If you're not hashing a fixed set of words, then obviously this doesn't apply.
Comments
One classic suggestion for a string hash is to step through the letters one by one adding their ascii/unicode values to an accumulator, each time multiplying the accumulator by a prime number. (allowing overflow on the hash value)
template <> struct myhash{};
template <> struct myhash<string>
{
size_t operator()(string &to_hash) const
{
const char * in = to_hash.c_str();
size_t out=0;
while(NULL != *in)
{
out*= 53; //just a prime number
out+= *in;
++in;
}
return out;
}
};
hash_map<string, int, myhash<string> > my_hash_map;
It's hard to get faster than that without throwing out data. If you know your strings can be differentiated by only a few characters and not their whole content, you can do faster.
You might try caching the hash value better by creating a new subclass of basic_string that remembers its hash value, if the value gets calculated too often. hash_map should be doing that internally, though.
1 Comment
I did a little searching, and funny thing, Paul Larson's little algorithm showed up here http://www.strchr.com/hash_functions as having the least collisions of any tested in a number of conditions, and it's very fast for one that it's unrolled or table driven.
Larson's being the simple multiply by 101 and add loop above.
Comments
1 Comment
From Hash Functions all the way down:
MurmurHash got quite popular, at least in game developer circles, as a “general hash function”.

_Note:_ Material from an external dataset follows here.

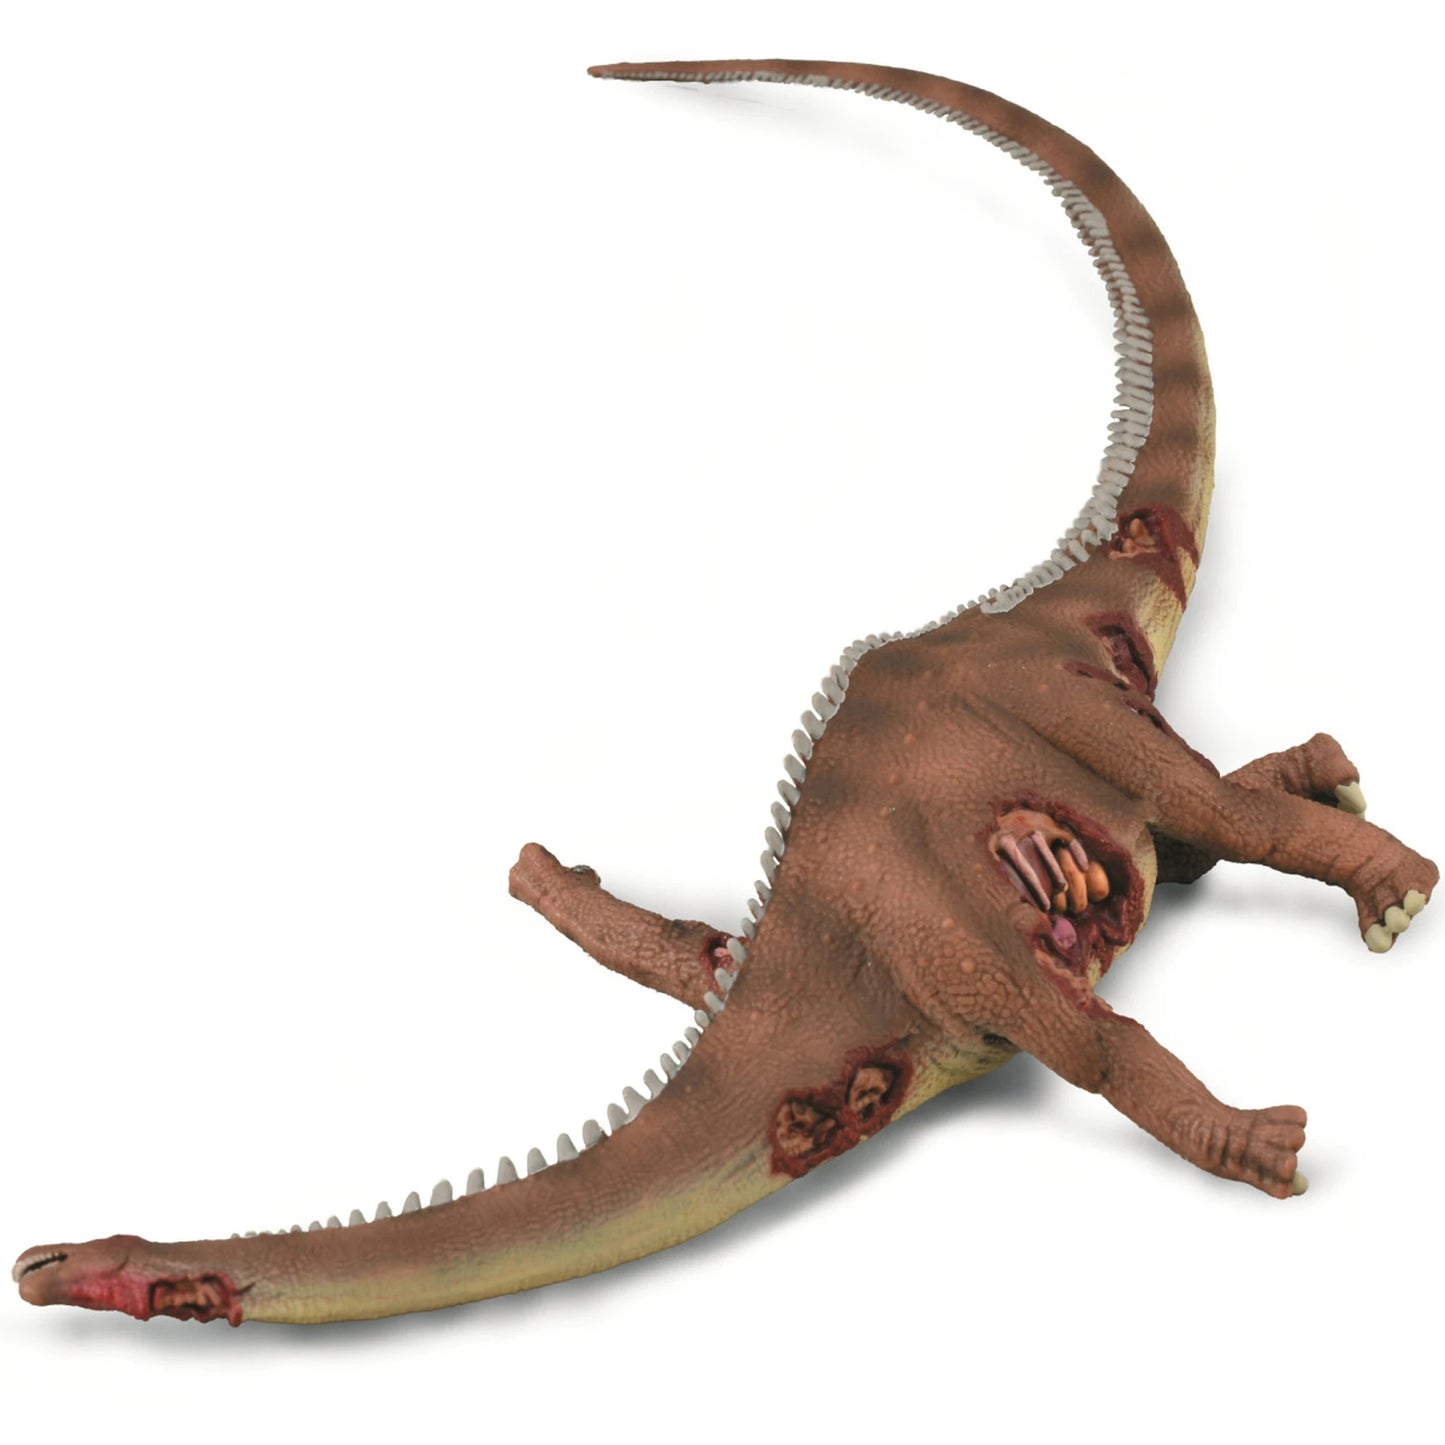 Brontosaurus prey figurine

It’s a fine choice, but let’s see later if we can generally do better. Another fine choice, especially if you know more about your data than “it’s gonna be an unknown number of bytes”, is to roll your own (e.g. see Won Chun’s replies, or Rune’s modified xxHash/Murmur that are specialized for 4-byte keys etc.). If you know your data, always try to see whether that knowledge can be used for good effect!
Without more information I would recommend MurmurHash as a general purpose non-cryptographic hash function. For small strings (of the size of the average identifier in programs) the very simple and famous djb2 and FNV are very good.
Here (data sizes < 10 bytes) we can see that the ILP smartness of other algorithms does not get to show itself, and the super-simplicity of FNV or djb2 win in performance.
djb2
unsigned long
hash(unsigned char *str)
{
unsigned long hash = 5381;
int c;
while (c = *str++)
hash = ((hash << 5) + hash) + c; /* hash * 33 + c */
return hash;
}
FNV-1
hash = FNV_offset_basis
for each byte_of_data to be hashed
hash = hash × FNV_prime
hash = hash XOR byte_of_data
return hash
FNV-1A
hash = FNV_offset_basis
for each byte_of_data to be hashed
hash = hash XOR byte_of_data
hash = hash × FNV_prime
return hash
A note about security and availability
Hash functions can make your code vulnerable to denial-of-service attacks. If an attacker is able to force your server to handle too many collisions, your server may not be able to cope with requests.
Some hash functions like MurmurHash accept a seed that you can provide to drastically reduce the ability of attackers to predict the hashes your server software is generating. Keep that in mind.